Берлин изнывает от задержавшейся здесь на много недель зоны высокого давления, которая, образовавшись в Турецкой империи, перемещалась через Центральную Европу и наконец удушающе нависла над германской столицей, так что теперь население, взбунтовавшееся против диктата жары, берет на абордаж тележки с мороженым и обвязывает головы мокрыми полотенцами, а пожарные машины прикомандированы к зоосаду, чтобы с помощью шлангов устраивать душ для воющих от жары и жажды животных. Но едва данцигский поезд Энгельхардта въезжает под своды Силезского вокзала, кто-то будто протыкает иглой гигантский воздушный шар: за считанные минуты пузырь жары лопается, громоздящиеся тучи скапливаются над городом, еще мгновенье — и с неба уже хлещут невообразимые, просто невозможные потоки. Водные струи низвергаются каскадами, пелена дождя местами настолько непроницаема, что кажется, будто акватическая, но перешедшая в твердое состояние стена соединяет фасады домов на перекрестках; зонтик из легкого муслина тут не поможет, прохожие кутаются в черные прорезиненные дождевики (необходимый для изготовления таких плащей каучук импортируется исключительно из Бельгийского Конго, с плантаций, на которых зверски эксплуатируется рабский труд) и, нахохлившись, словно вороны, шагают навстречу шумному ливню, который то подкрадывается к ним сбоку, то изливается сверху, то подталкивает их сзади… Город представляет собой сплошную строительную площадку, ямы глубиной в человеческий рост мешают нормальному продвижению пешеходов, теперь эти ямы еще и заполнены дождевой водой. На Александрплац торговцы из Сибири предлагают свой насквозь промокший мелкий товар; там же можно приобрести, очень дешево, жареные колбаски, состоящие в основном из мясных отходов и заплесневелой муки, но под дождем они тут же разваливаются.
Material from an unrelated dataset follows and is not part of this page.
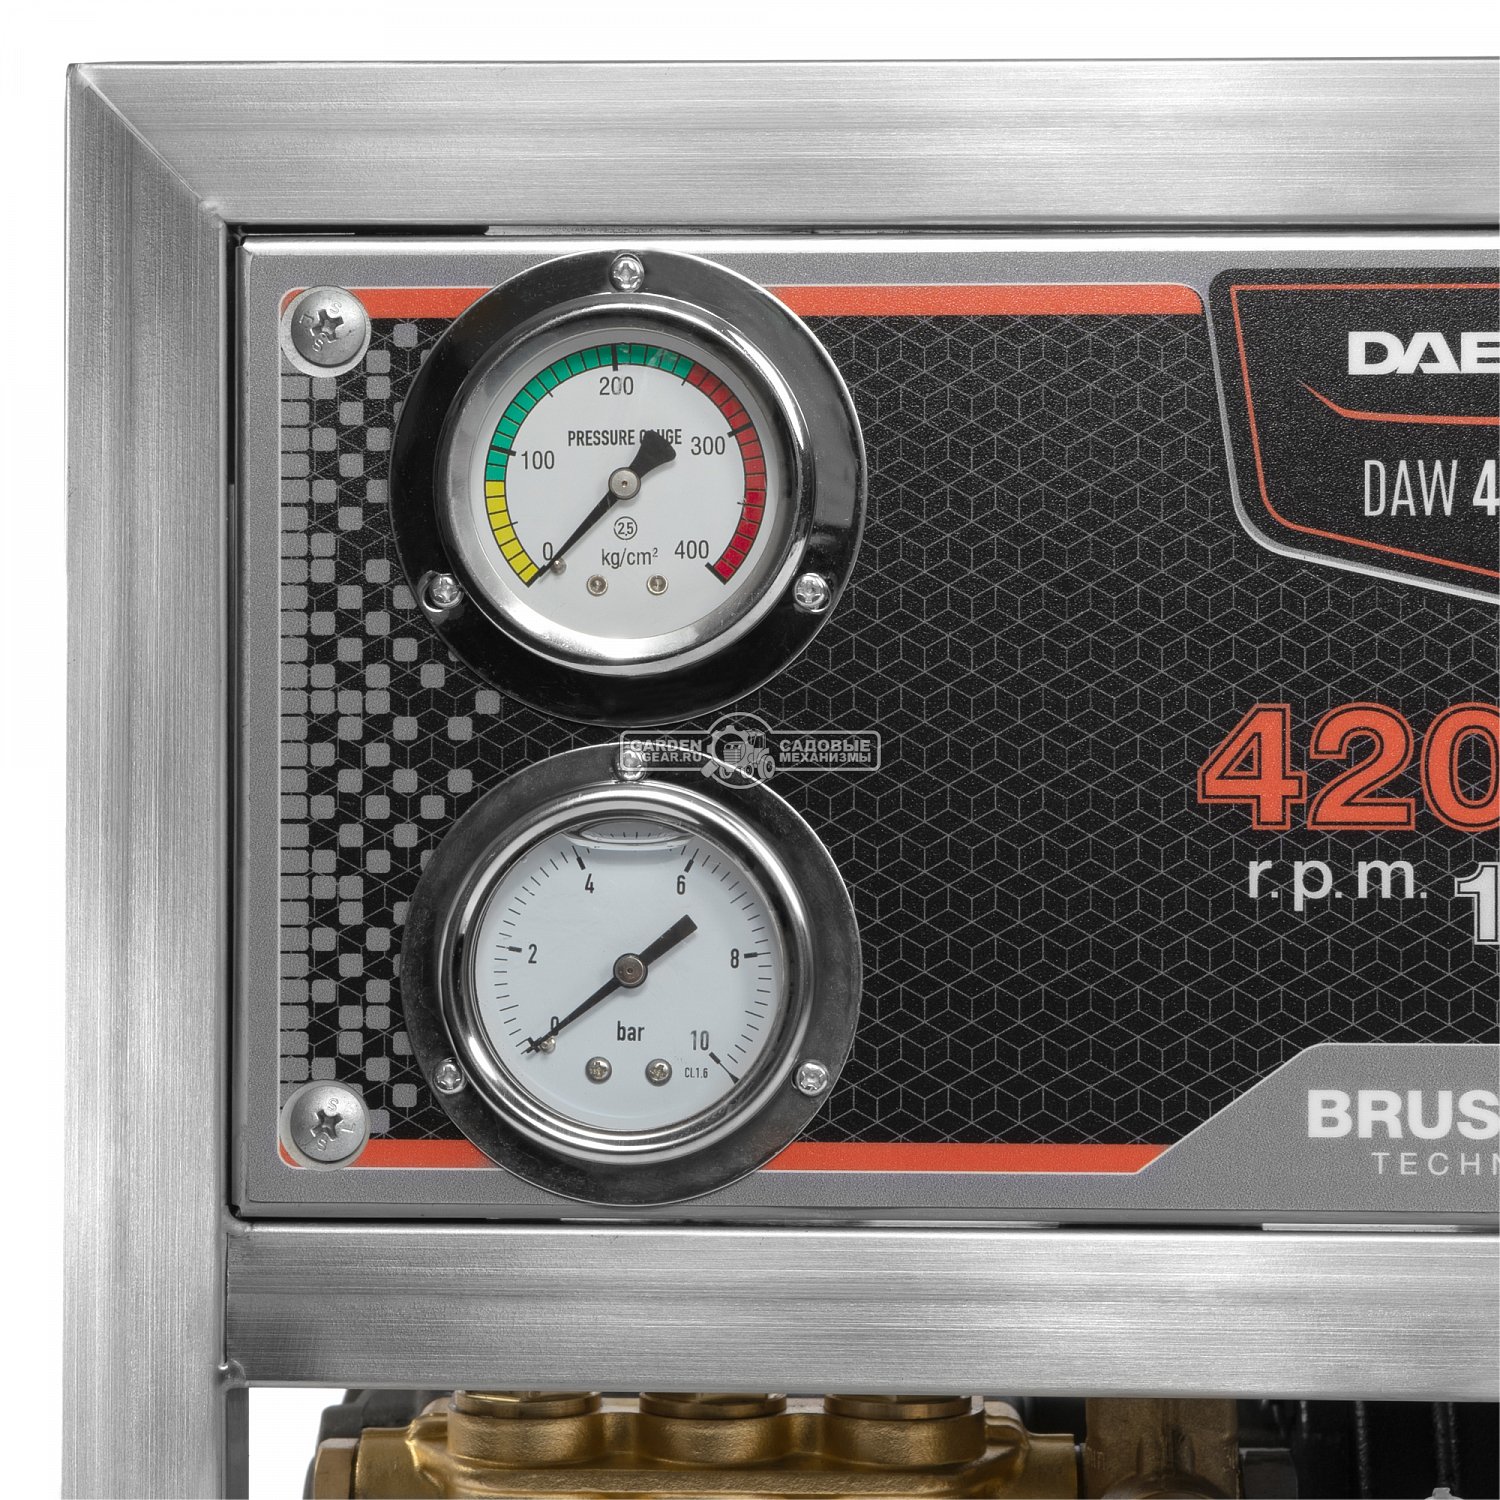 Мойка высокого давления Daewoo DAW 4000 S-3 (PRC, 4200 Вт, 200 бар, 960 л/час, бесщеточный мотор, шланг 10 м., латунная помпа, металл. рама, 59,5 кг)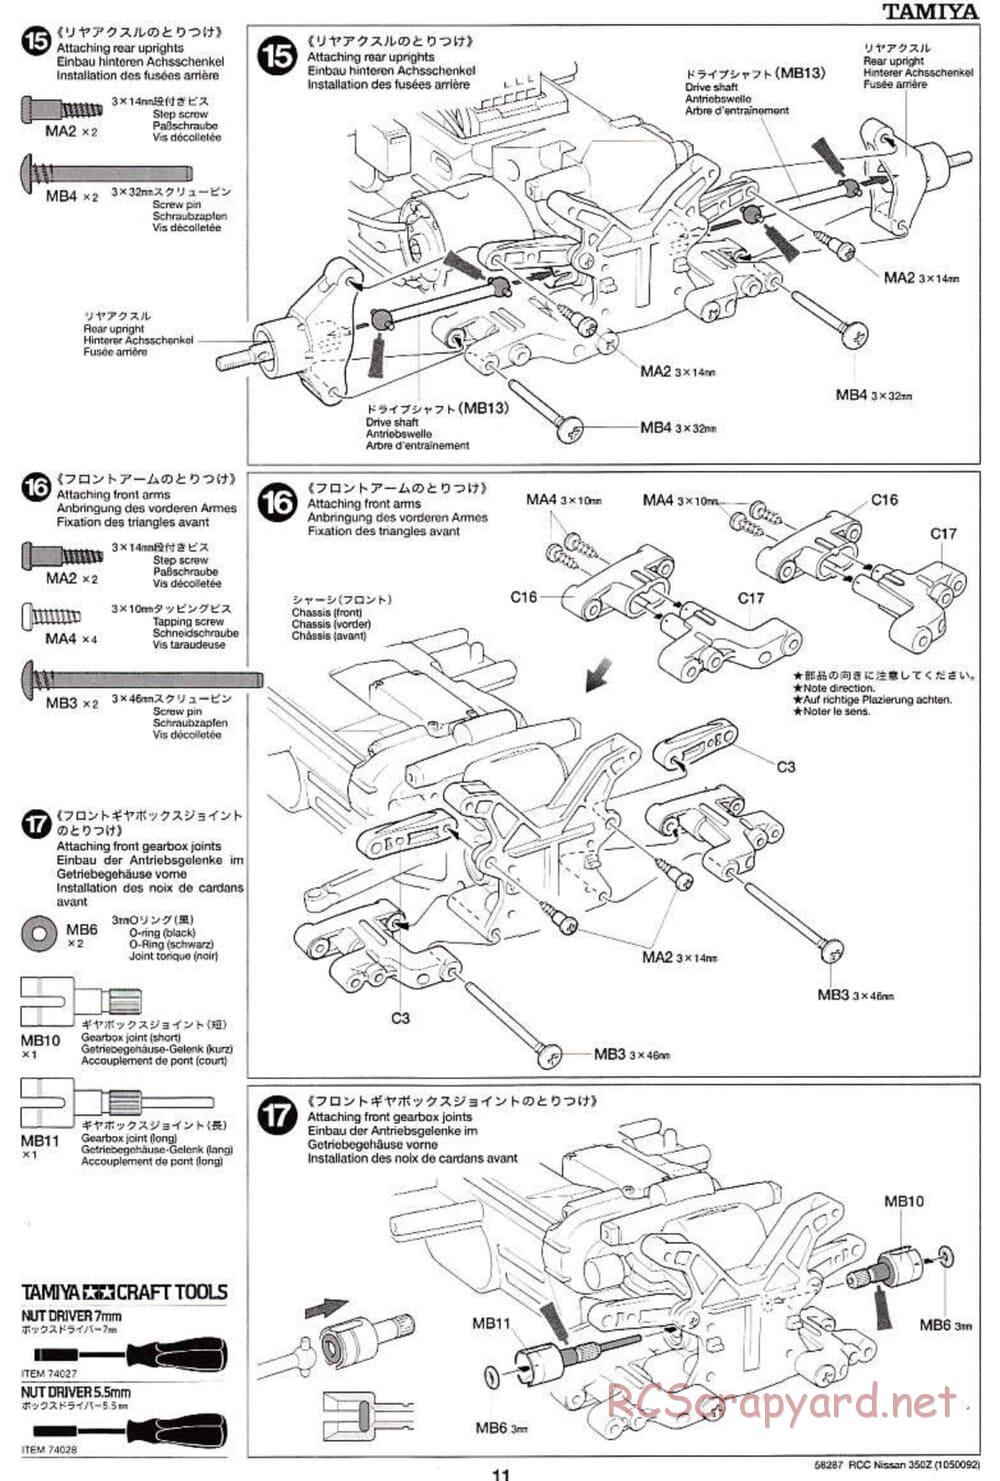 Tamiya - Nissan 350Z - TL-01 Chassis - Manual - Page 11

Трамвай, кряхтя и разбрасывая искры, движется мимо почтенных горожан, которые пытаются спастись от сильнейшего проливного дождя, запрыгивая на подножки; повсюду — торчащие в небе, роняющие воду стальные краны: так встречает Энгельхардта Берлин, эта построенная на забитых в бранденбургский песок сваях провинциальная метрополия, разыгрывающая из себя столицу империи.

Узнав, что живущий в Берлине Сильвио Гезелль, с которым он хотел посоветоваться насчет создания свободной от денег вегетарианской общины, уехал на жительство в Аргентину, Энгельхардт в сутолоке Силезского вокзала незаметно ускользнул от маленькой группы своих освободителей, запрыгнул в конку и сорвал с себя все повязки, делавшие его наполовину незрячим. Теперь, несмотря на дождь, он снова может видеть, и даже очень неплохо. Его решение остается в силе: с этим отравленным, вульгарным, жестоким, падким на удовольствия и гниющим изнутри обществом, которое занято только тем, что накапливает ненужные вещи, забивает животных и разрушает человеческие души, он навсегда распрощается — да, так он и поступит.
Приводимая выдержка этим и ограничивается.